Superstate founder and CEO Robert Leshner (@rleshner) said tokenization will hit velocity when end users start to get excited about applications, like borrowing cash against stock to help fund a vehicle purchase. But we’re not there yet, he said
00:00 – An Intro to Robert & his story in DeFi
02:05 – Tokenisation now vs it’s ideal state
07:40 – Has the stablecoin explosion impacted other RWA’s moving on-chain?
11:25 – Robert’s Tokenisation “Wish List”
15:35 – What problems were you hearing from issuers?
22:46 – Where do you expect you toughest competition to come from?

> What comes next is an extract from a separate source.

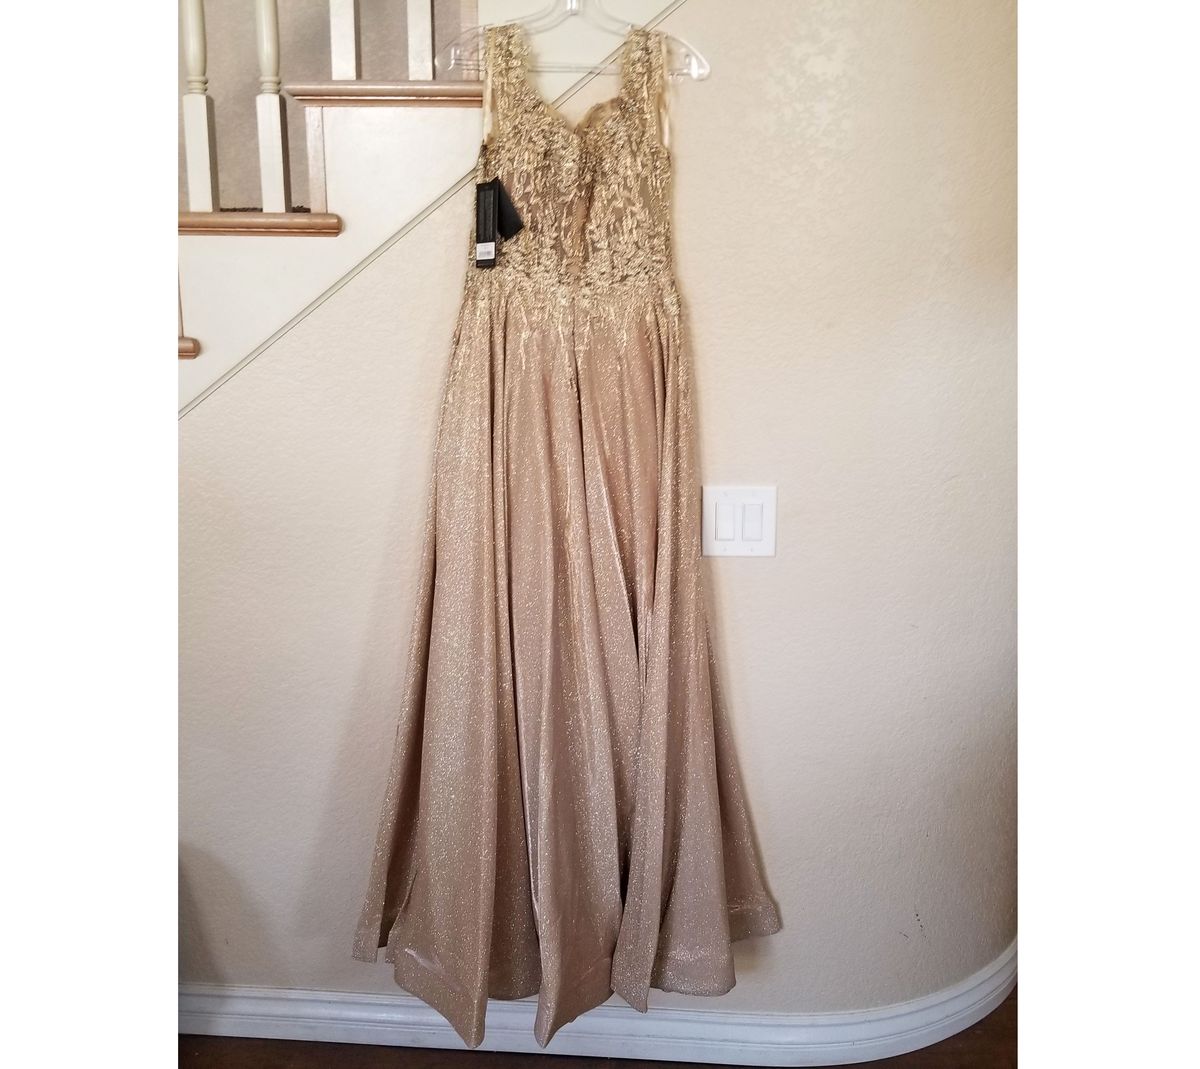 Style Gold Sweetheart Neckline Beaded Floral Filigree Ball Gown Bicici & Coty Size 8 Off The Shoulder Floral Gold Ball Gown on Queenly

24:22 – Predictions for the end of the year?
💡 DMK Insight
Tokenization’s potential is still untapped, and here’s why that matters for traders: Leshner’s comments highlight a crucial phase in DeFi adoption. While the concept of borrowing against assets like stocks to fund purchases is enticing, the market hasn’t fully embraced these applications yet. This suggests that we’re in a waiting game, where traders should keep an eye on user sentiment and application development in the DeFi space. If excitement around these applications grows, we could see a surge in demand for tokens associated with platforms enabling such features. Traders might want to monitor key metrics like user engagement rates and transaction volumes on DeFi platforms. Additionally, watch for any shifts in regulatory sentiment that could either bolster or hinder this trend. The real story is whether the market can shift from speculation to practical use cases, which could redefine asset valuations in the coming months.
📮 Takeaway
Keep an eye on user engagement in DeFi applications; a surge in interest could drive token prices significantly higher in the near term.